◆ Work required:
Return the entries exactly. Images are not part of the copy.

··· Excerpted records

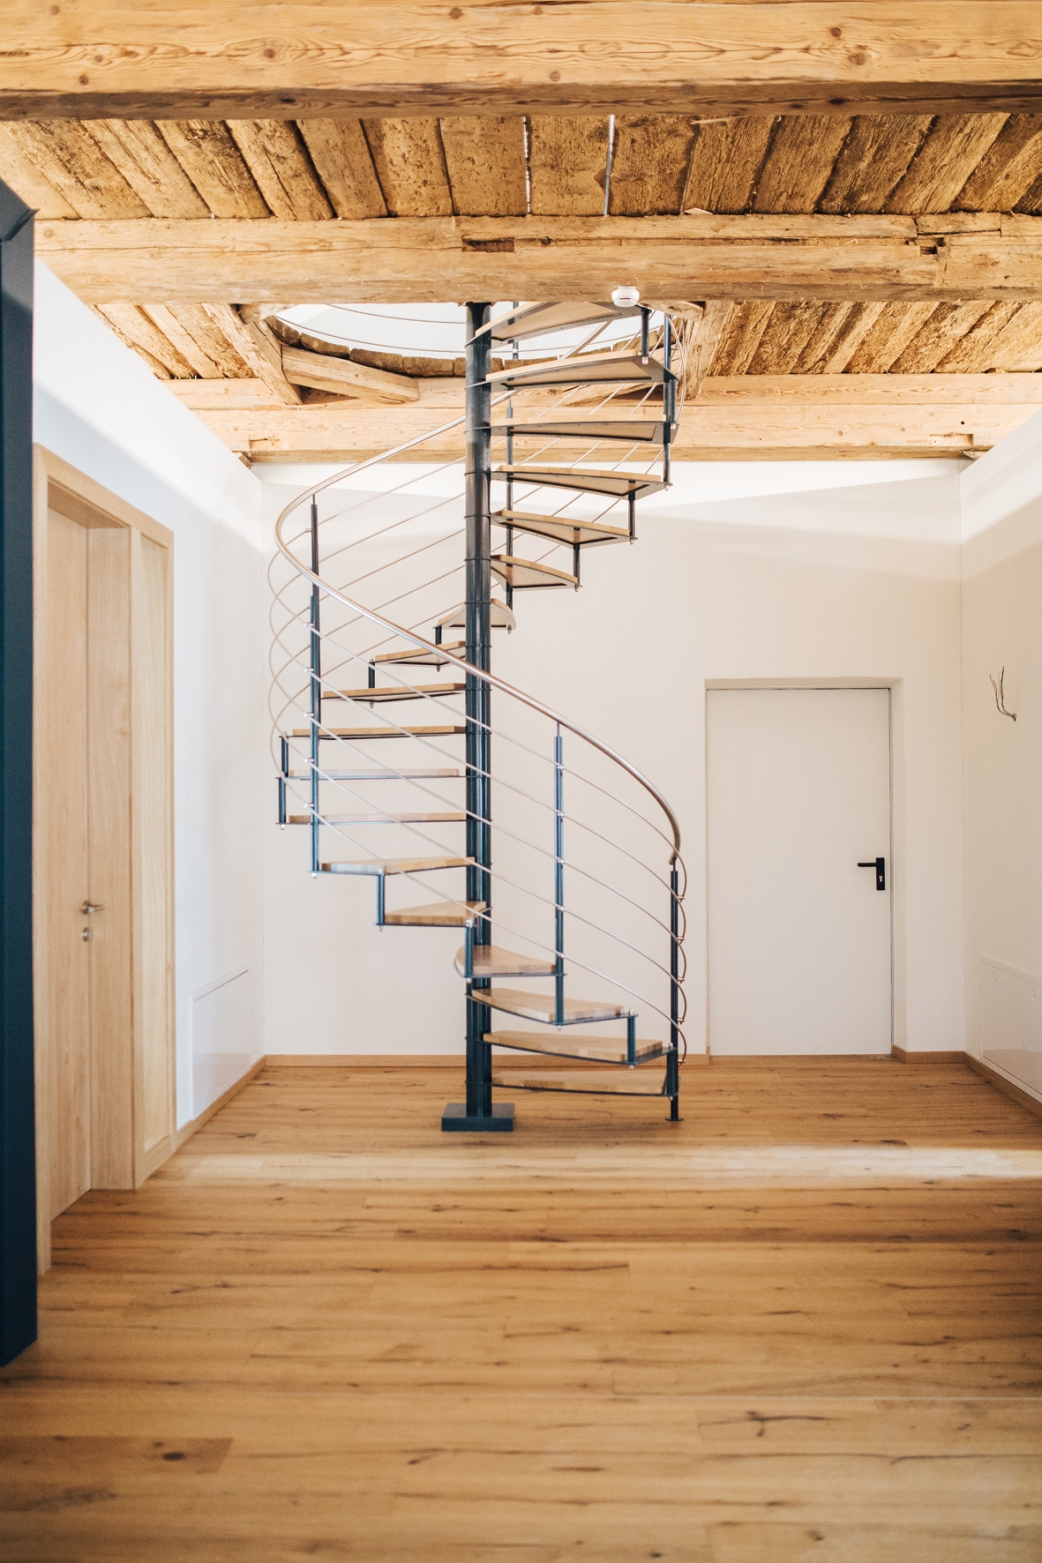 Plafond ancestral et sol neuf : l’escalier en colimaçon relie les deux univers avec finesse.
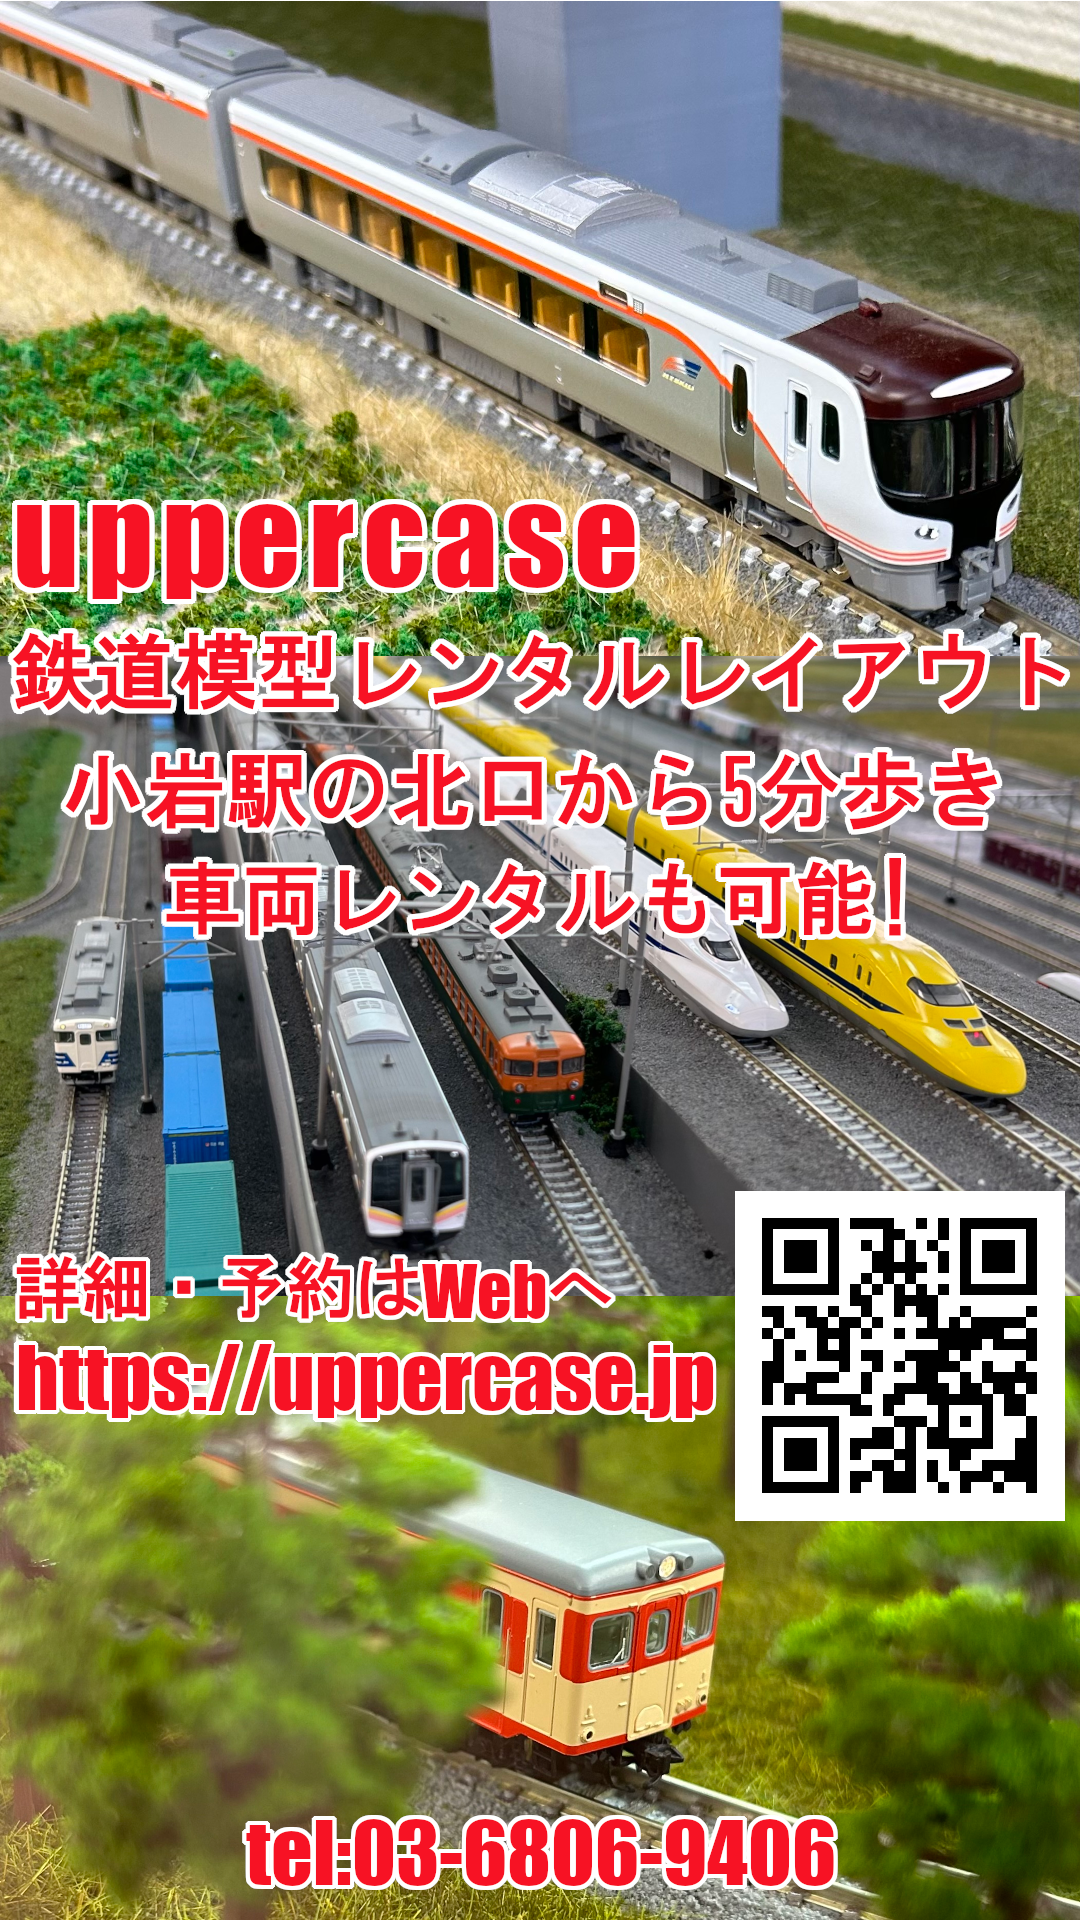 uppercase様05
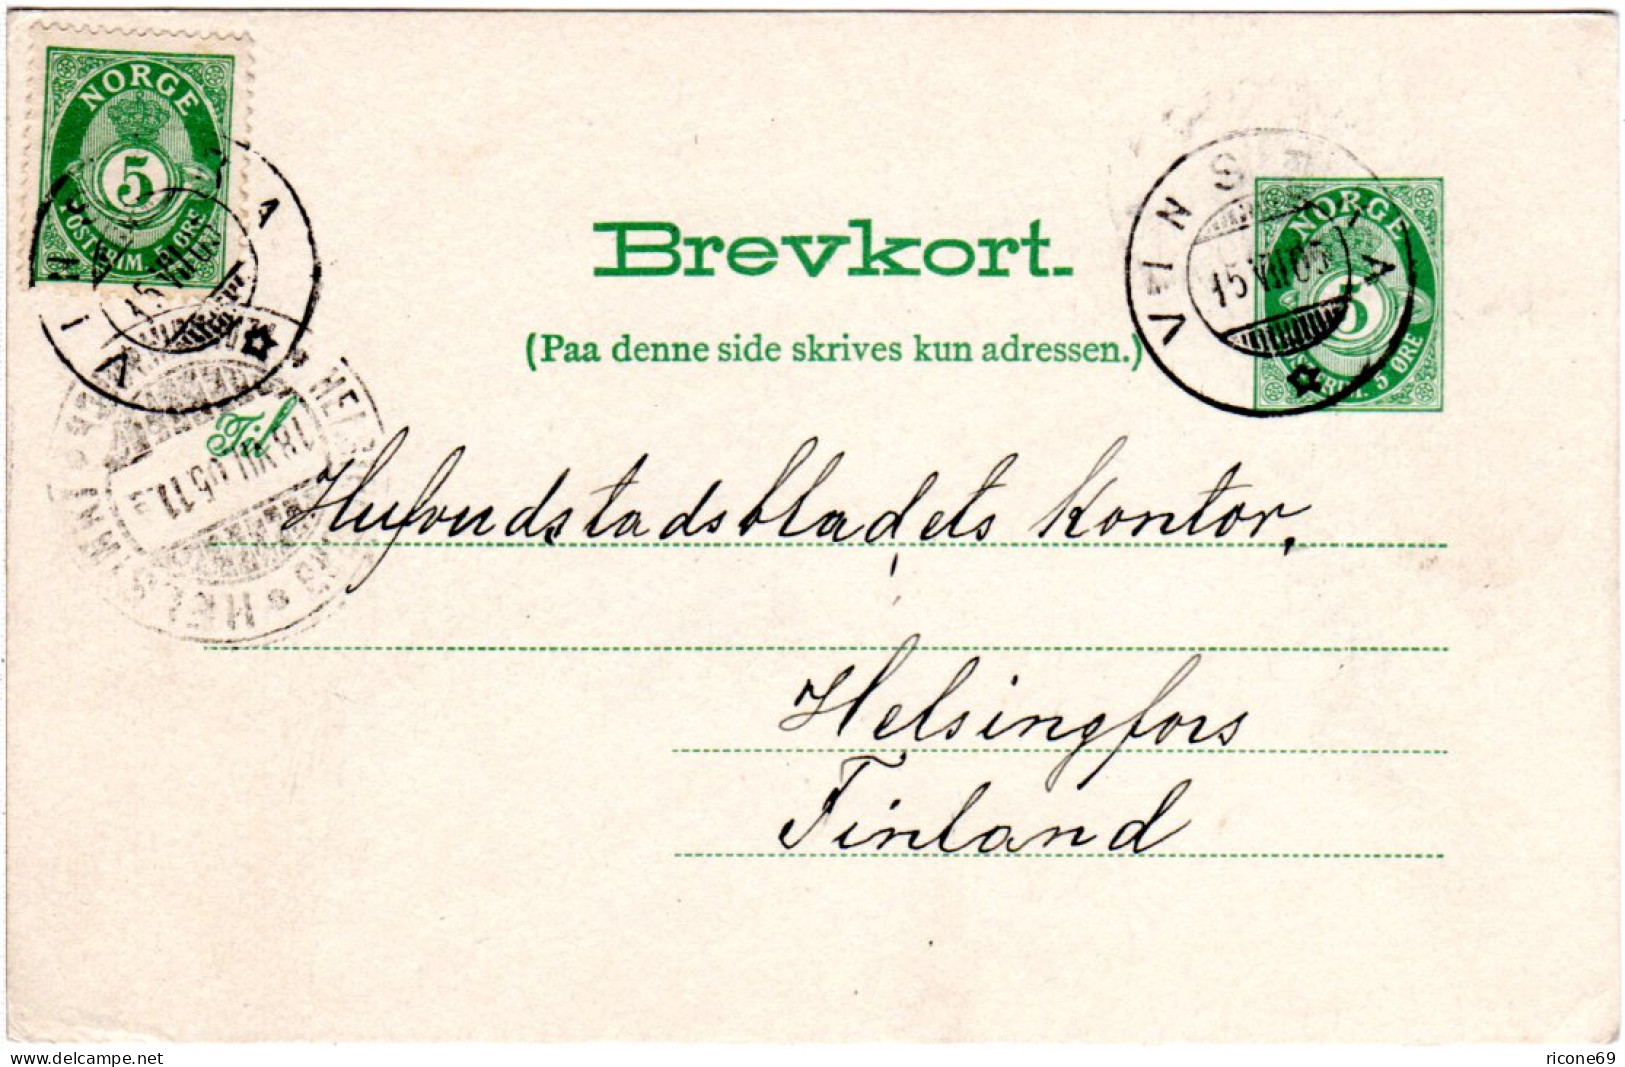 Norwegen 1905, 5 öre Zusatzfr. Auf 5 öre Ganzsache V. VINSTRA N. Finnland - Storia Postale
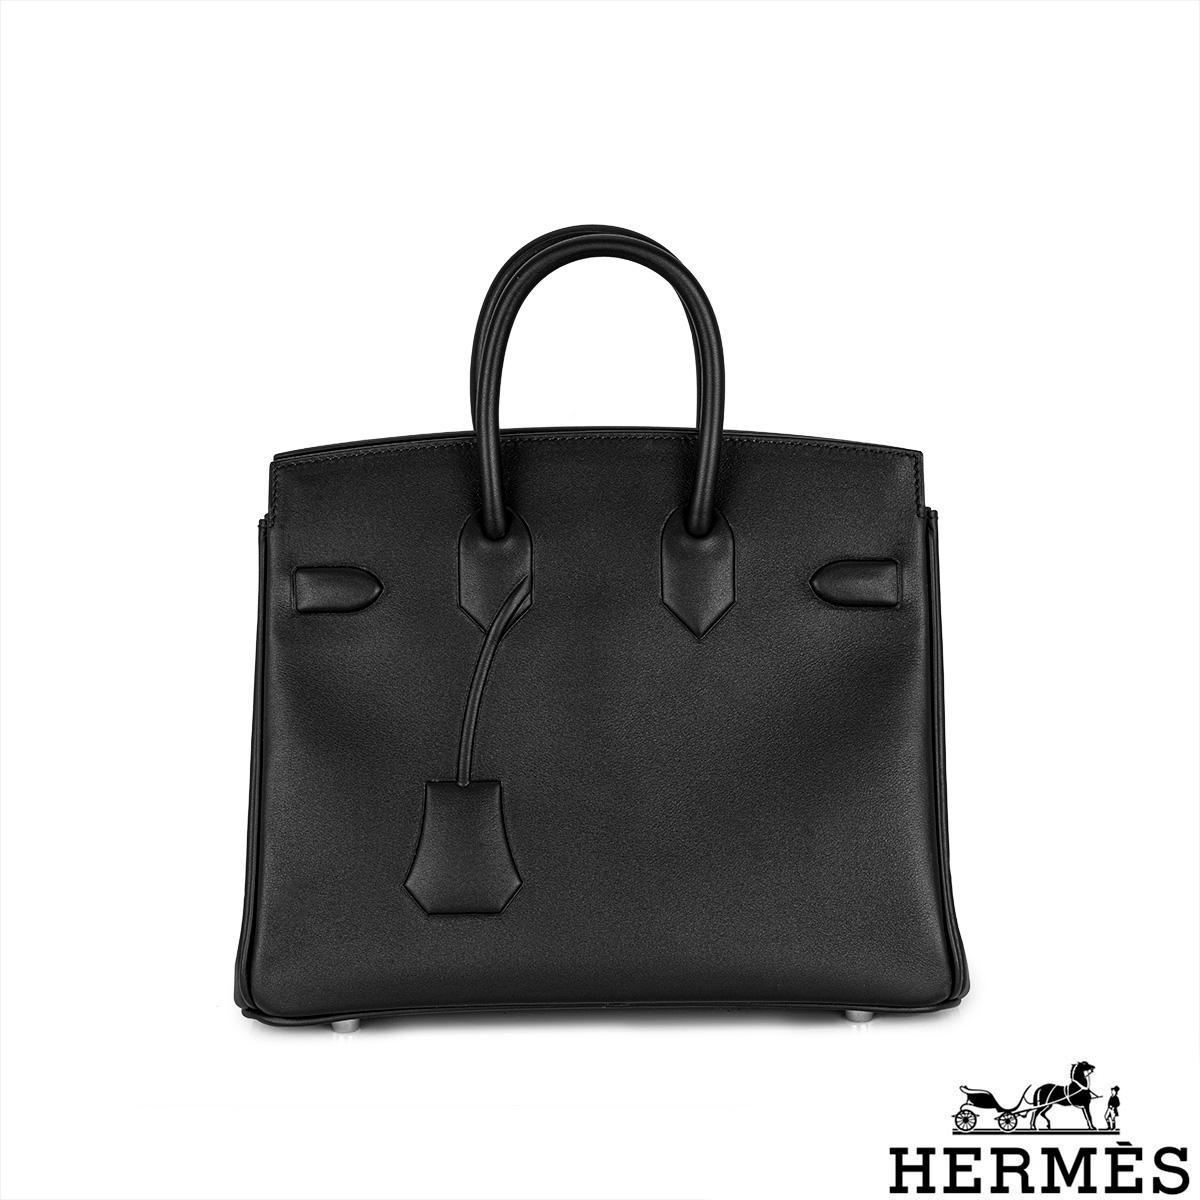 Un sac à main Hermès Birkin 25cm en édition limitée. Ce sac à main rare a été créé en 2009 par le designer français Jean Paul Gaultier comme l'essence d'un Birkin. L'extérieur de ce Birkin est réalisé en cuir Swift noir embossé avec le rabat et les
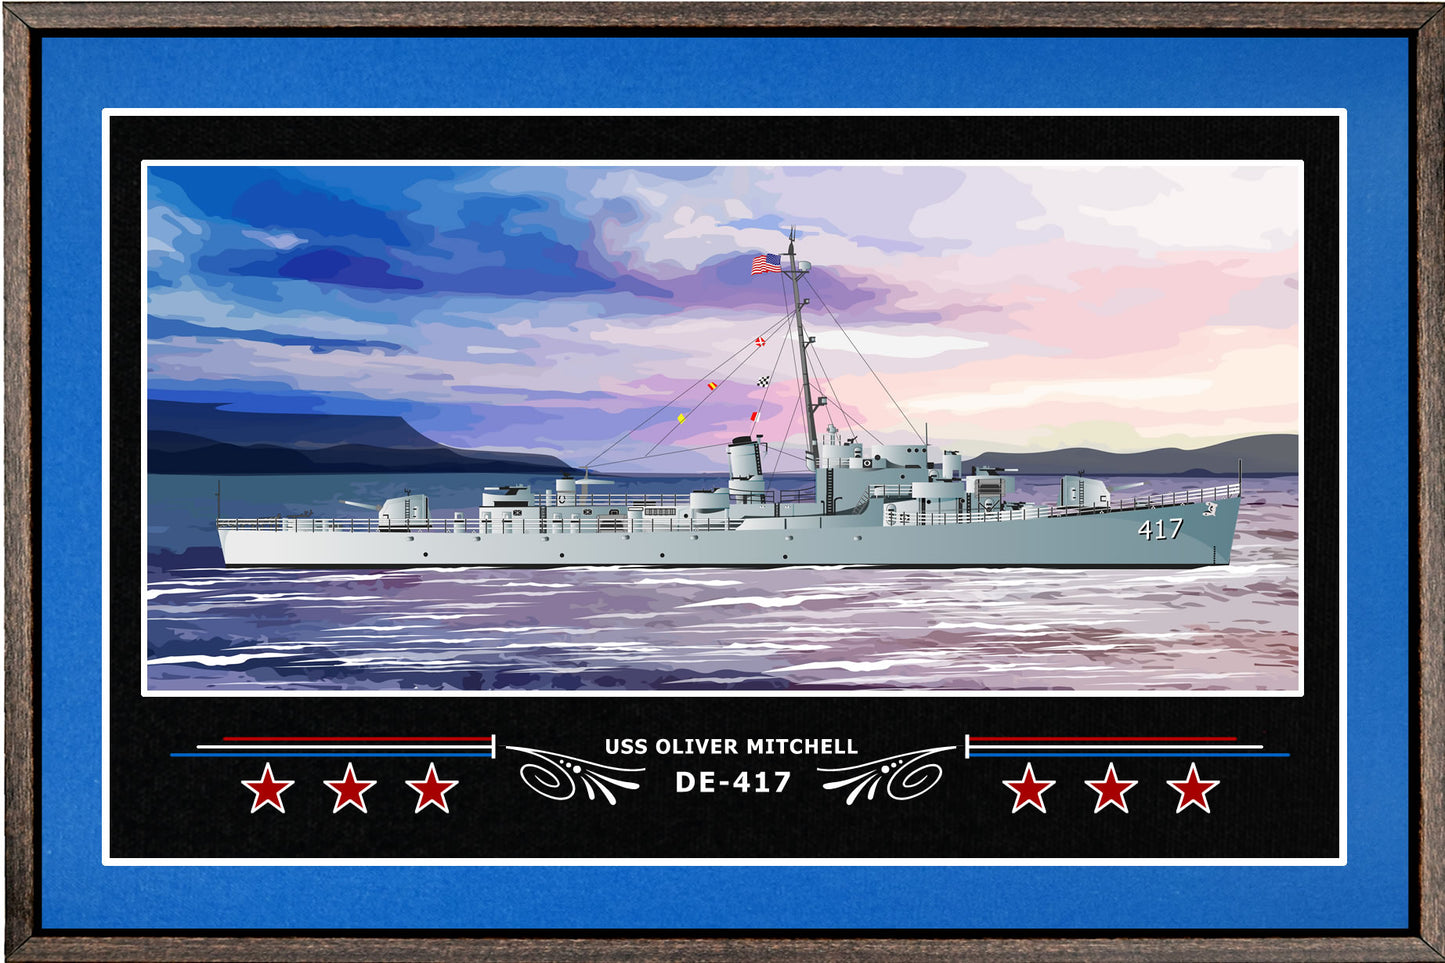 USS OLIVER MITCHELL DE 417 BOX FRAMED CANVAS ART BLUE

······

◆ Task result:
 Plafond ancestral et sol neuf : l’escalier en colimaçon relie les deux univers avec finesse.
 uppercase様05
 Norwegen 1905, 5 öre Zusatzfr. Auf 5 öre Ganzsache V. VINSTRA N. Finnland - Storia Postale
 Un sac à main Hermès Birkin 25cm en édition limitée. Ce sac à main rare a été créé en 2009 par le designer français Jean Paul Gaultier comme l'essence d'un Birkin. L'extérieur de ce Birkin est réalisé en cuir Swift noir embossé avec le rabat et les
 USS OLIVER MITCHELL DE 417 BOX FRAMED CANVAS ART BLUE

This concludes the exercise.